Saturday, September 21, 2013

Finding your own way of doing something

is really a large part of what creating is all about.  Dyeing my own fabric has been a large part of what my art looked like in the past and my way of having a stash of fabric to use as I work.  When I moved from Louisville to Missouri I got rid of a lot of my older commercial cottons.  When I moved from Missouri to Florida I sold hundreds of yards of my hand dyes and all of my commercial cotton yardage.  For the last three years I have not missed having it because immediately after getting settled in Florida I went in a different direction.  I began to using silk instead of cotton and use paint pigments instead of dyes to get the colors I wanted.  For three years I did very little machine piecing.  I  still find joy in painting but am itching to get back to piecing again.  To piece you need fabric to cut up and sew back together.  To make what I have in mind I need to dye and that's what I will be doing between painting on silk and traveling to teaching the next six weeks or so.

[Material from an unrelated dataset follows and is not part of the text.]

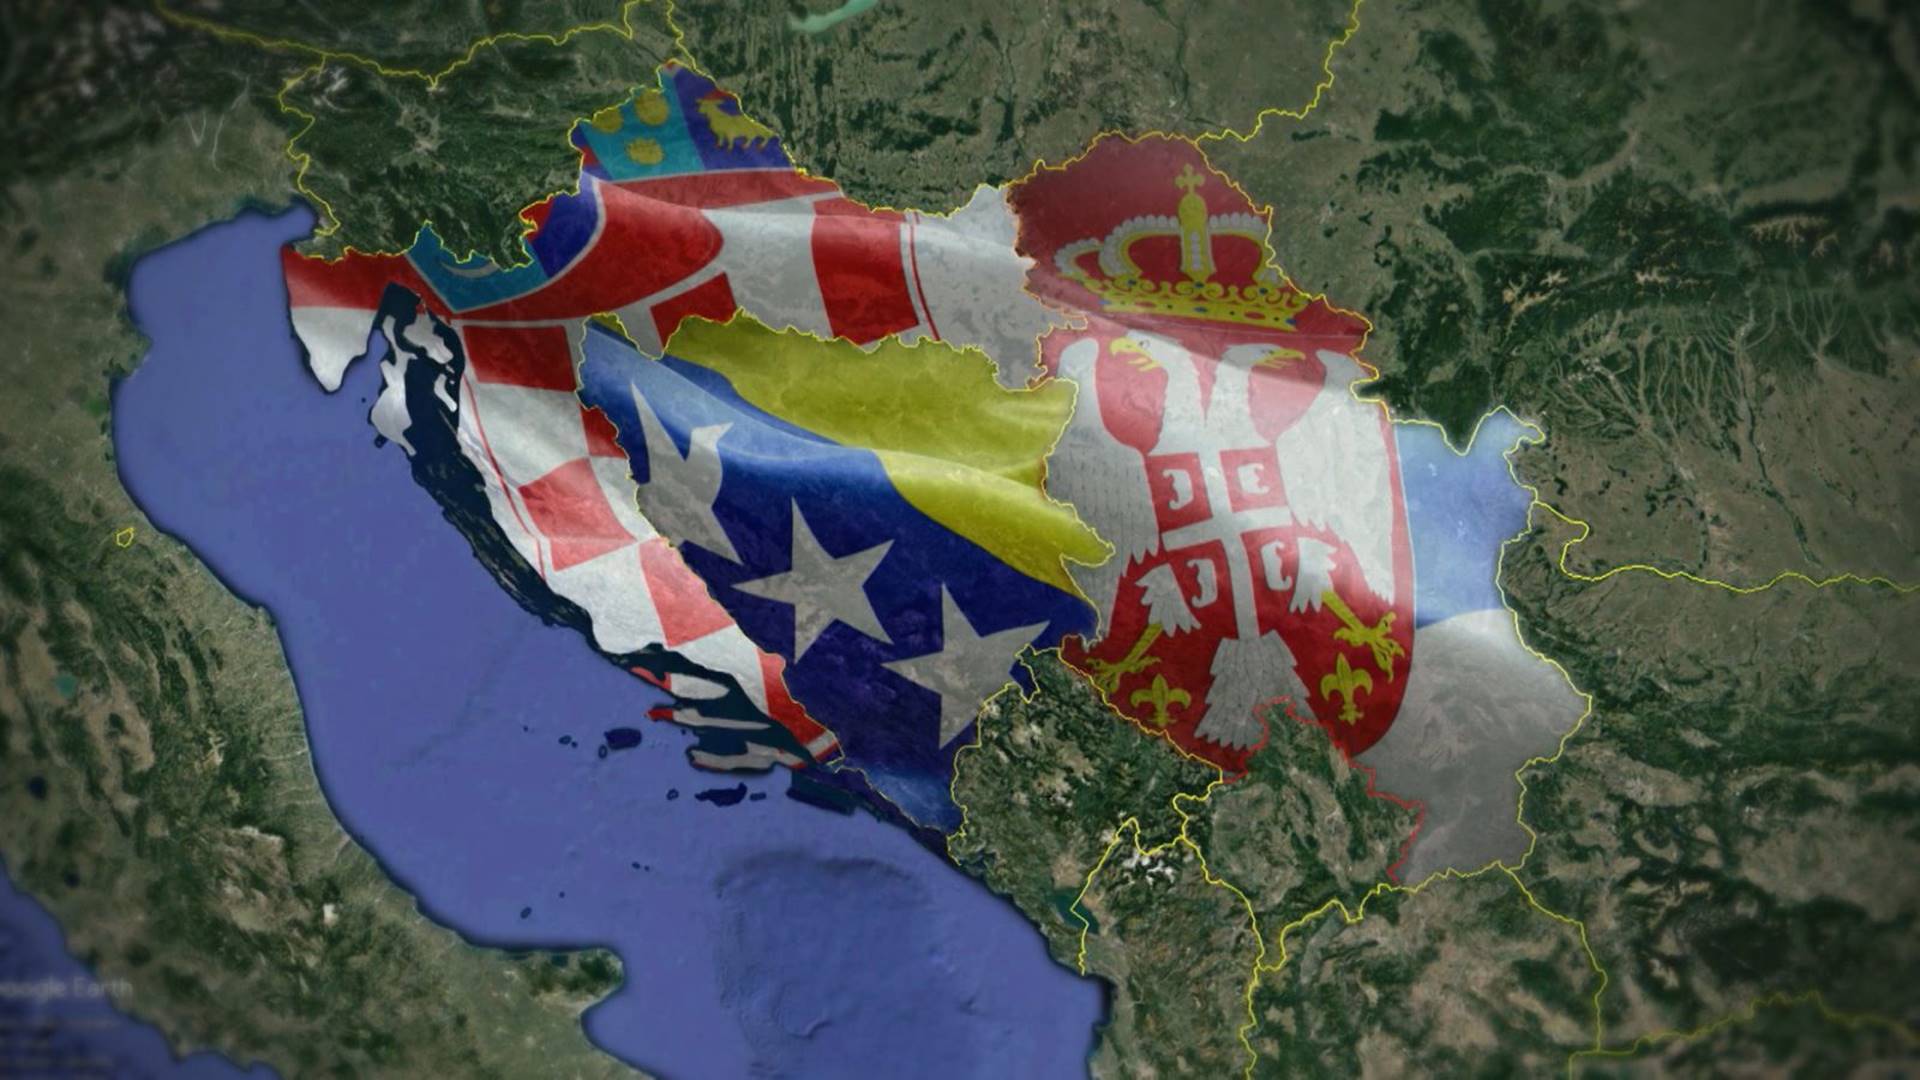 Metaj: U Srbiji i Hrvatskoj postoje snažni glasovi protiv fašizma kojim se ugrožava BiH

     Here's a look at the Orange flower with the addition of a second seed pod which I thought it needed.  Thanks Susan for agreeing with me. ;)  and here is a look at  the blue piece I finished several days ago.  The facings are done, but as usual they both need sleeves, names and labels.
 
     The saying that you grow into the space you have or shrink if you don't want to be climbing over stuff is holding true with me.  Less stuff in the apartment, more stuff here.  This move has afforded me room to grow my stash again; not to the extend of what I had when I lived in Kentucky.  There I had a lot of fabric which was an equal mix of commercial and hand dyes. 
     In Missouri I had and used  mostly hand dyes I think in part because I had a really great area in the garage, just steps from the laundry room where I could make a mess and I had lots of room to store all the fabric I dyed.  I didn't have a lot of commercials because I thought driving to any one of the three quilt shops and Joann Fabrics in Columbia, MO was a pain.  When you dye fabric, the UPS man knocks on the door with the fabric and the dyes. 
     I am building my stash  again.  This time with both  hand dyes and commercial fabric.  For now I am using the commercial prints only for backings.  Over the last two - three  months I have visited a few quilt shops and I find myself really liking the look and colors of the new fabric lines.  The two stores I visit most often are an easy drive from my place.  The Sewing Studio is the closer of the two and reminds me of a mini Baer's.  My Louisville friends will know what store I am referring to, for the rest of you, just know that in its day, Baer's  was the best.  It carried  everything, from Bernina's to bridal to fashion to home dec to tacky costume stuff as well as a large amount of quilt weight cottons. The same can be said for the Sewing Studio located up the road from me in Maitland.  That store is all on one floor instead of three and the annex for tailoring that Baer's had.
     I dyed my first pieces of cloth in the late 80's when I took a  class from Judy Anne Walters, the author of "Creating Color: A Dyer's Handbook" one of the first book written about fabric dyeing for quilters.  After that class, I knew without a doubt that I was not going to be a dyer.  No way.  No how.  Too much water and way too much stirring and stirring and stirring.  After the class I came home with some beautiful solid colors but for all the work I had to do to get it,  at that point in my quilting journey, I'd rather buy than dye.
     Years past.  Taste changed. Methods evolve.   In 1996  I picked up some packs of Dylon at the Ben Franklin's near where I lived and tried it on some white cotton fabric I had in the house.  It was certainly easier to use than Rit Dye and not as much work as high water immersion dyeing was.    Some time after that I brought  a copy of  "Hand-Dyed Fabric Made Easy", low water immersion dyeing; a book by Adriene Buffington.  The book is still available online from places like Amazon.com and Ebay.  After reading the book, ordering dyes and worked through her lessons.  After that I was hooked and I shared my enthusiasm for her way of dyeing with my friend Marti who was game to give it a go.  Thus began my long lasting relationship with Pro Chemical and Dyes and with Robert Kaufman's  and the bleached white Kona PFD fabric they sell.   Marti and I wanting to know more about dyeing enrolled in 2 five day classes.   One in 2001 with Liz Axford at Arrowmont and the other with Carol Soderlund  at the Crow Barn.  We learned a lot from both dyers and some of my favorite colors and effects are achieved by combining both dyers approaches to dye color mixing. 
     When I lived in Kentucky my friend Marti and I dyed together  often taking advantage of a week when her husband was off biking across Iowa or something.  We planned and prepared and we were efficient and we got it done.  Bolts and bolts and bolts worth of dyed fabric got done in that time.  Enough to keep us working for months without having to dye more for a while.  I miss doing that and our time together very much.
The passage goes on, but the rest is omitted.